Setelah reformasi pada tahun 1998, banyak Undang-Undang baru yang diterbitkan untuk menciptakan good governance dan mencegah terjadinya kejahatan keuangan seperti korupsi. Sebagai dampaknya, laporan keuangan lembaga dari berbagai sektor kini perlu mendapatkan penilaian Wajar Tanpa Pengecualian dari Kantor Akuntan Publik yang independen.

Berdasarkan data dari IAI, ada 226.780 organisasi yang perlu mendapatkan WTP (Wajar Tanpa Pengecualian), mulai dari lembaga pemerintah, perusahaan , hingga yayasan dan lembaga swadaya masyarakat. Tidak hanya di bidang audit, beberapa faktor yang dinilai mendorong berkembangnya profesi akuntan adalah : 1) Pertumbuhan pasar modal 2) Pertumbuhan pesat dari lembaga-lembaga keuangan baik bank maupun non-bank. 3) Adanya kerjasama IAI dengan Dirjen Pajak dalam rangka menegaskan peran akuntan publik dalam pelaksanaan peraturan perpajakan di Indonesia 4) Berkembangnya penanaman modal asing dan globalisasi kegiatan perekonomian. Dengan demikian dapat kita lihat bahwa Indonesia membutuhkan banyak sekali profesi akuntan, sehingga peluang akuntan di Indonesia terbuka sangat lebar.

ROSC 2010 juga melakukan wawancara dengan pihak PPAJP Kementerian Keuangan yang kemudian menemukan bahwa dari lebih dari 400 KAP yang ada di Indonesia, hanya sedikit yang mampu memenuhi standar akuntansi yang ada dengan baik. Beberapa compliance gap yang muncul antara lain:

1. Banyak auditor tidak melakukan audit planning dengan baik.
2. Banyak dokumentasi yang diperlukan tidak disiapkan di dalam laporan. Bahkan ketika proses yang dilakukan benar, tidak semua dokumentasi ini dimasukkan dalam laporan untuk menunjukkan bukti dari hasil audit tersebut.
3. Banyak auditor dianggap tidak secara serius melakukan upaya untuk mendeteksi pemalsuan (fraud).
4. Banyak auditor tidak melakukan upaya untuk memeriksa asumsi going concern (keberlangsungan usaha) yang digunakan oleh manajemen.
5. Banyak auditor tidak terlalu serius untuk menerapkan langkah-langkah yang ketat untuk mengenal, menilai, dan merespon resiko dari financial misstatement yang mungkin ditimbulkan oleh tidak tersedianya penjelasan tentang hubungan dengan berbagai pihak yang lain.
6. Auditor seringkali menerima begitu saja valuasi dari pihak manajemen tanpa secara kritis memberikan penilaian. Auditor juga sering begitu saja menerima penilaian dari auditor yang lain tanpa memeriksa kualitas dari auditor yang menyusun laporan tersebut.
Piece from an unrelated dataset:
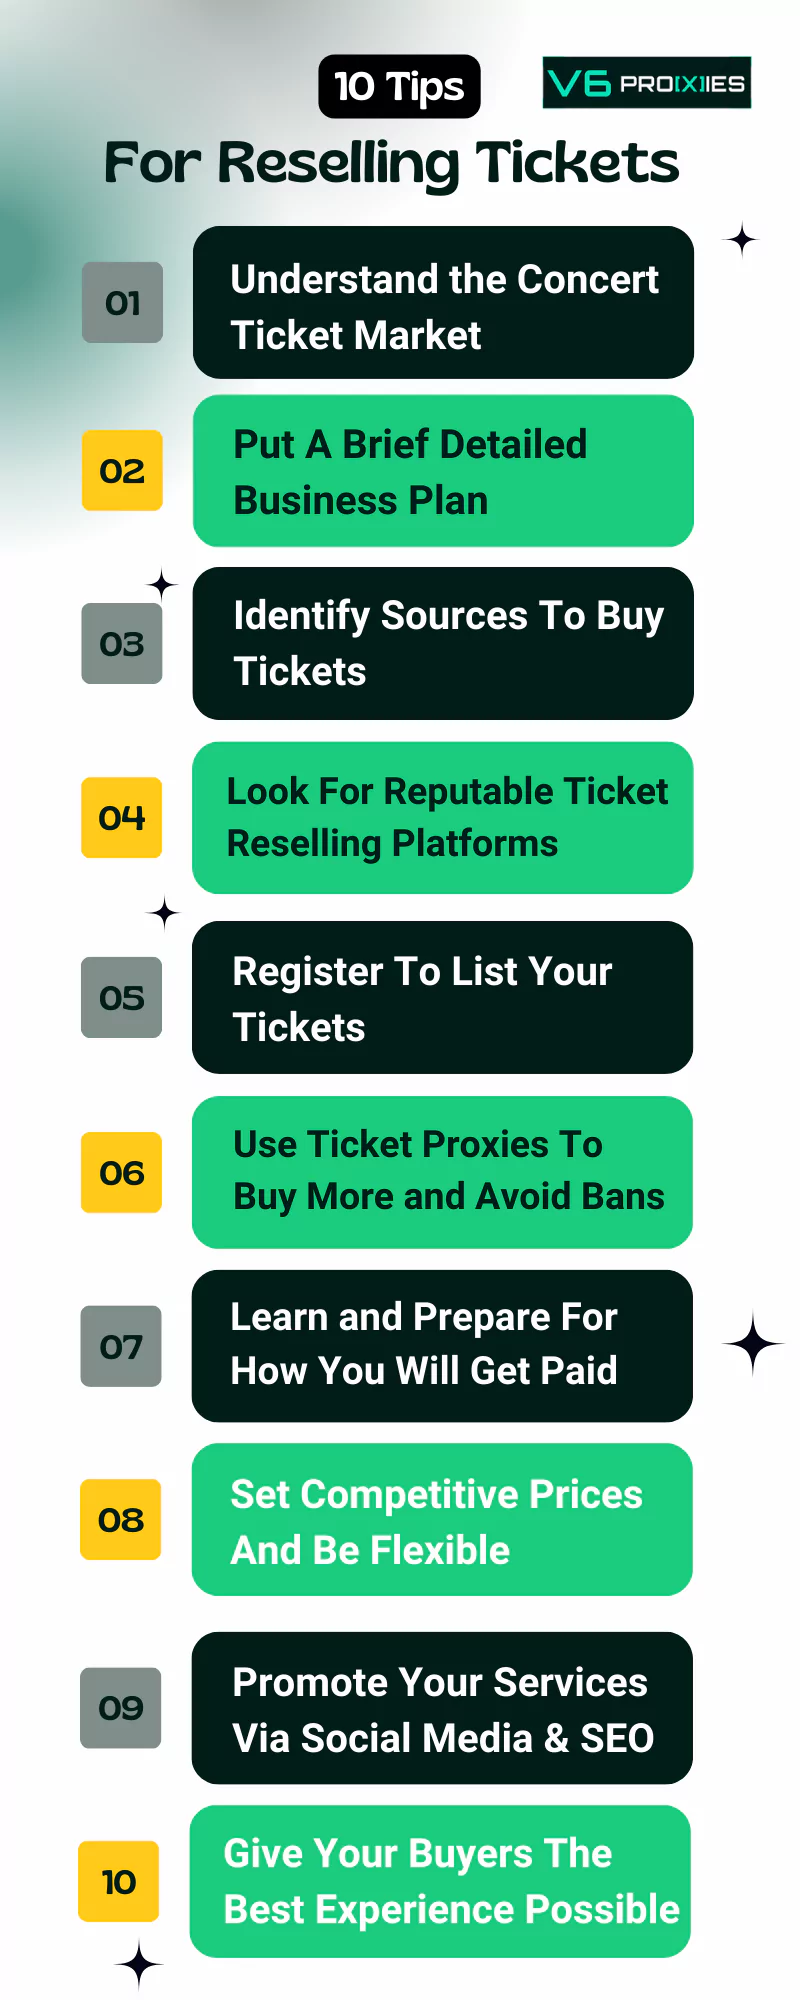 Infographic with heading "10 Tips For Reselling Tickets" and 10 numbered steps outlined: 1) Understand the concert ticket market. 2) Put a brief detailed business plan. 3) Identify sources to buy tickets. 4) Look for reputable ticket reselling platforms. 5) Register to list your tickets. 6) Use ticket proxies to buy more and avoid bans. 7) Learn and prepare for how you will get paid. 8) Set competitive prices and be flexible. 9) Promote your services via social media and SEO. 10) Give your buyers the best experience possible.

Compliance Gap ini kemudian memunculkan beberapa persepsi terkait kualitas jasa akuntansi di Indonesia. Meskipun para pelaku pasar menganggap bahwa ada peningkatan dalam sepuluh tahun terakhir, para pelaku pasar cenderung lebih percaya kepada laporan yang dihasilkan oleh KAP besar yang berafiliasi dengan The Big 4. Selain itu, ada pula persepesi bahwa sarjana akuntansi yang baru saja lulus tidak memiliki kemampuan praktis dan kurang pelatihan profesional.
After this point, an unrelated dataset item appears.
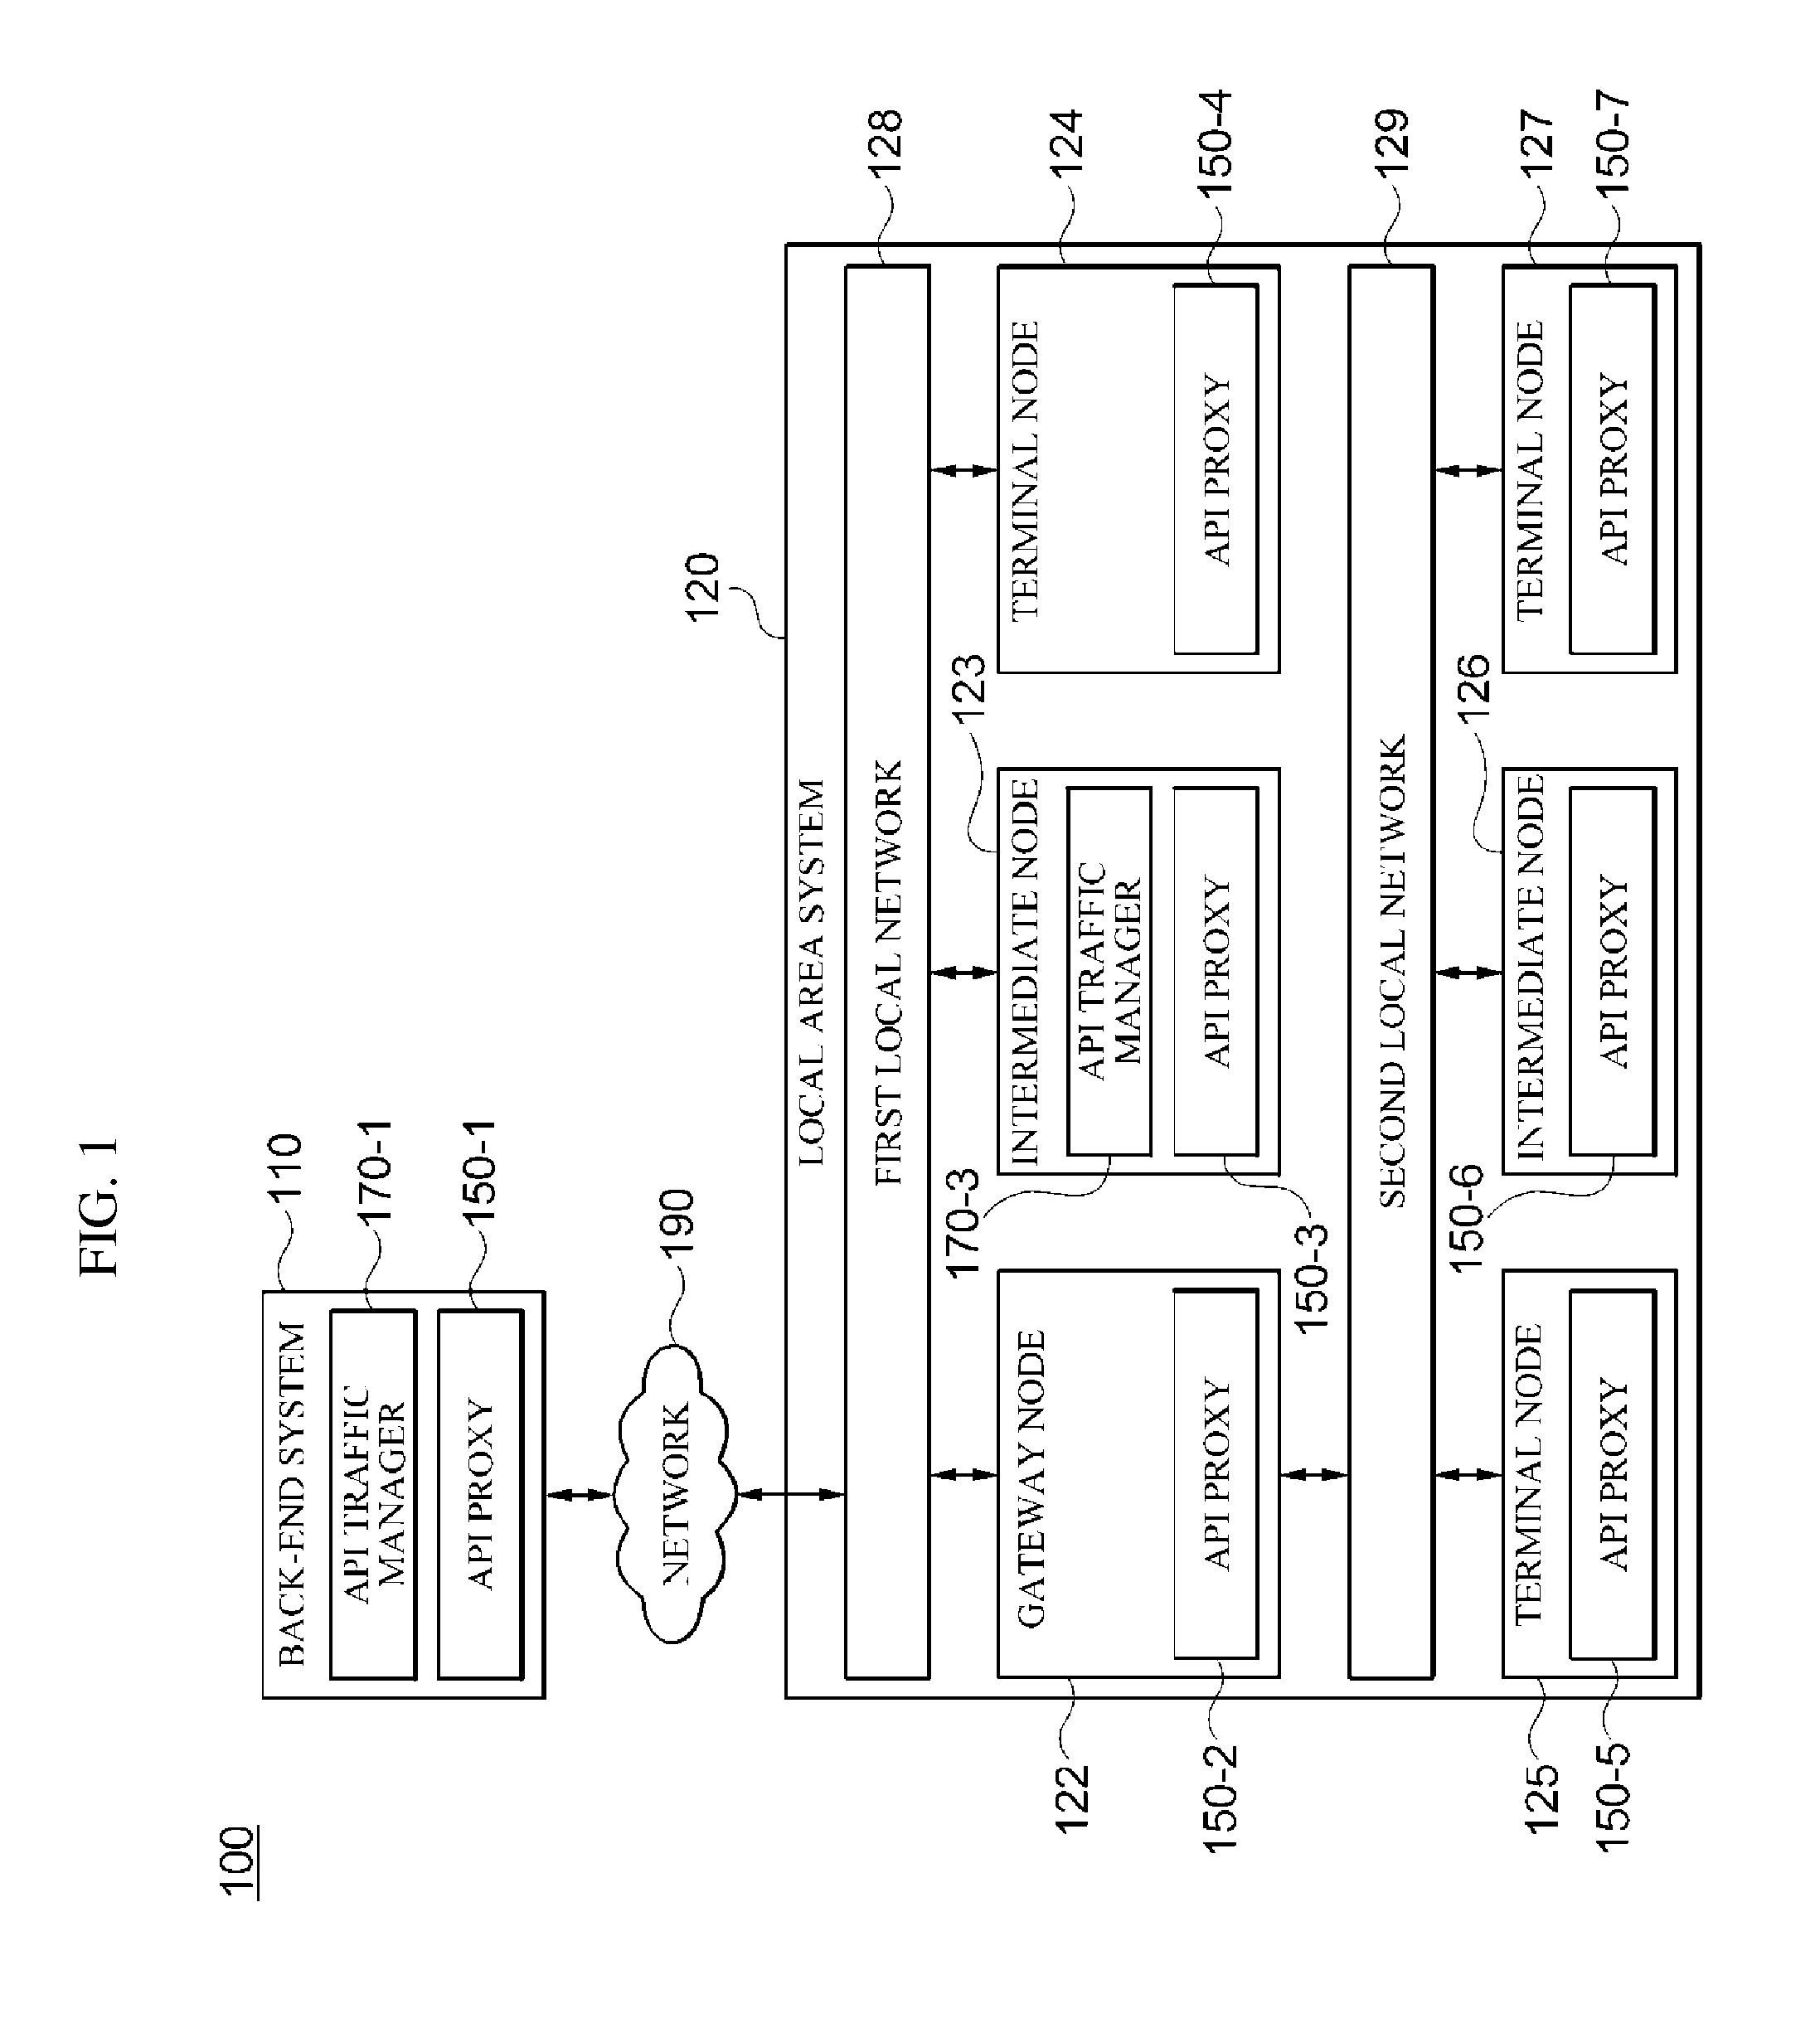 Distributed api proxy system and apparatus and method for managing traffic in such system

Di Indonesia perbandingan ketersediaan akuntan profesional dengan kebutuhan dunia kerja, masih cukup timpang. Data terakhir menunjukkan, setidaknya dibutuhkan sekitar 452 ribu akuntan. Padahal data Pusat Pembinaan Akuntan dan Jasa Penilai (PPAJP) Kemenkeu mencatat hanya tersedia kurang dari 16 ribu akuntan profesional.

Agus Suparto, Kepala Bidang Usaha Akuntan Publik PPAJP dalam acara Peluncuran Silabus Ujian Chartered Accountant (CA) Indonesia dan Seminar Strategi dan Regulasi Pendidikan Tinggi Akuntansi Sesuai Cetak Biru Akuntan Profesional mengatakan bahwa jika kondisi ini tidak dibenahi, diperkirakan ribuan akuntan regional akan berpraktik di Indonesia.

Berdasarkan data yang ada Malaysia, Singapura dan Thailand mempunyai jumlah akuntan yang jauh lebih banyak dari Indonesia. Karena itu kita perlu langkah strategis untuk mempercepat pertumbuhan akuntan profesional dalam negeri, baik secara kualitas maupun kuantitas.

Oleh karena itu,pada tanggal 13 Februari 2014 Ikatan Akuntan Indonesia (IAI) meluncurkan silabus ujian Chartered Accountant (CA) Indonesia dalam rangka menyambut penyelenggaraan ujian CA pertama pada bulan Juni mendatang. Ini adalah upaya menyejajarkan akuntan profesional Indonesia dalam kerangka persaingan di ASEAN Economic Community 2015.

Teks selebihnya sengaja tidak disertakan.